Ideally, your customized engine(s) should only contain your own data to ensure no noisy material perturbs your writing or company style. In reality, few organizations have as much data available. Data gathering and consultancy on how to obtain more relevant data has become a favorite sport among SMT developers.
As part of our consultancy services, PangeaMT can add more muscle to your initial set of data so that a large linguist corpus comes into the training (we most probably have quite a bit to build a Language Model or turn any of our Language Models more like your style). All the data we add will be relevant to your subject field and the engines will be tested with and without it so you can check the effect of more data on your development. (You can find an abridged version of what a test can look in our October 2009 news. This was part of a free test for several organizations.)
Generally speaking, it is assumed that the more data the better. There has been some controversy as to whether smaller and cleaner sets of data provide higher accuracy. This will depend largely on your application and if “world awareness” is required by your system or if you are running an engine for a very specific domain. 2M words of civil engineering data will probably have little impact if you are building a system for a software company fighting virus, or a medical engine fighting a very different kind of virus. It is a common mistake to add data and data thinking it will be useful at some point, but our studies conclude that if that data is not likely to be needed/recalled, it is better to leave it as part of your Language Model.
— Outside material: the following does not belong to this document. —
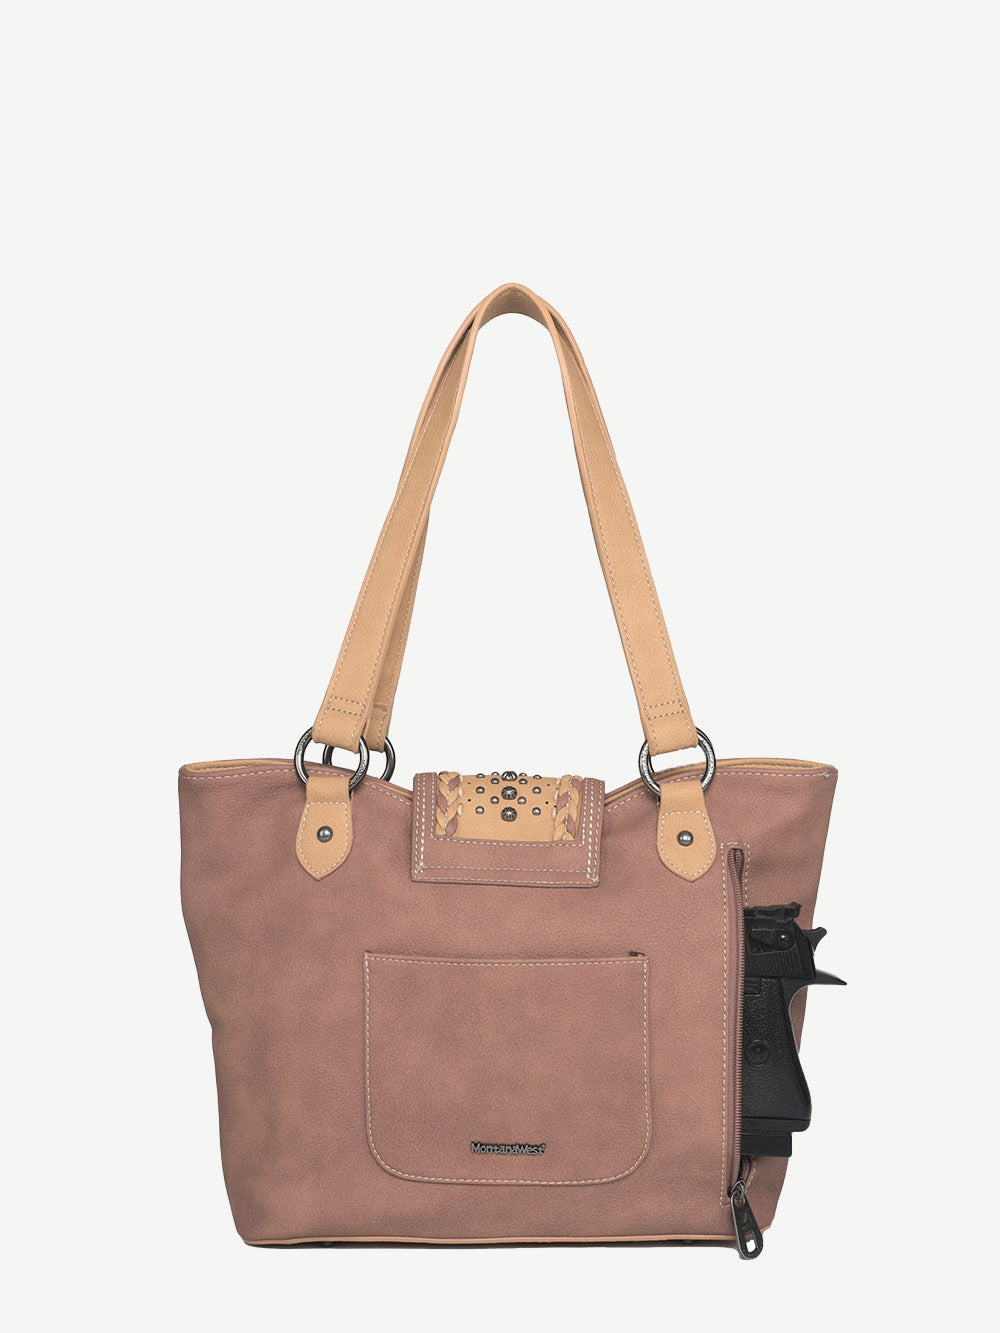 Bella Leather Tote Bags | women's Concealed Carry Purse –  www.itsinthebagboutique.com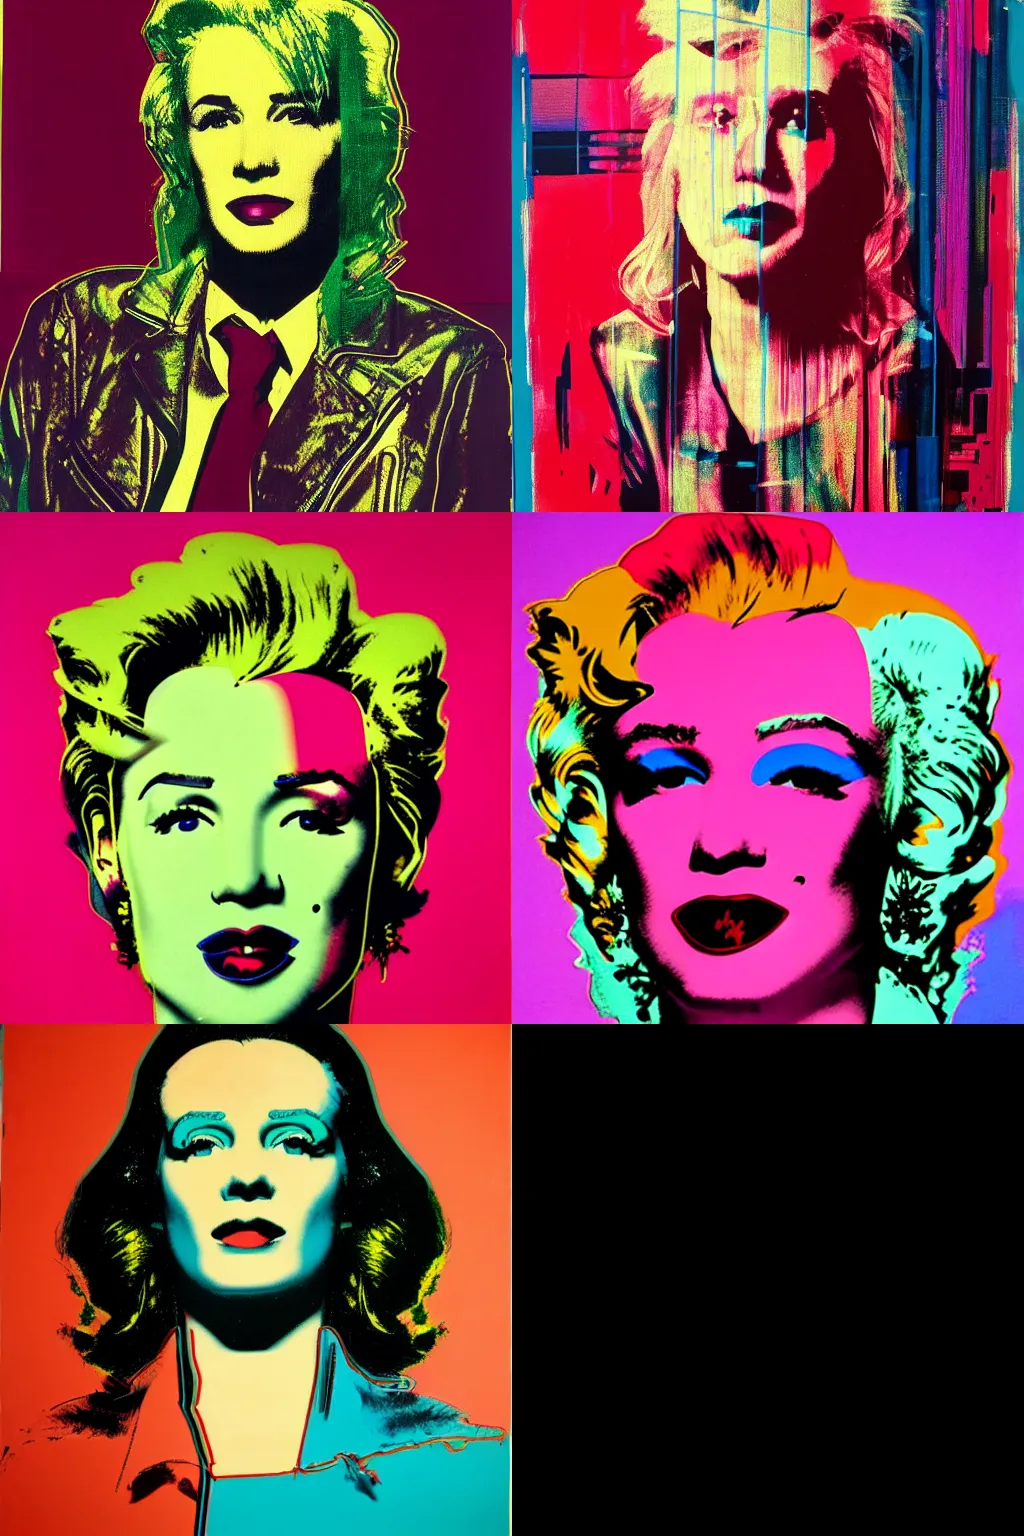 Prompt: A cyberpunk portrait painted by Andy Warhol

In short, there is no way to ensure that statistics will work one way or another (that is precisely the point of statistics, they analyze the chances of something happening). If the system is too wide, pre- and post-processing systems can be built (in a kind of hybridation) to “fix” or “force” certain expressions. There are other ways of working towards higher chances, as it can be done with the combined engine method or the combined hypothesis (i.e. combining parts of likely outputs with a high certainty to remake sentences which the engine reprocesses). So far, we have heard good experiences of post-editors using the same terminology tools as with CAT tools to check terminology consistency.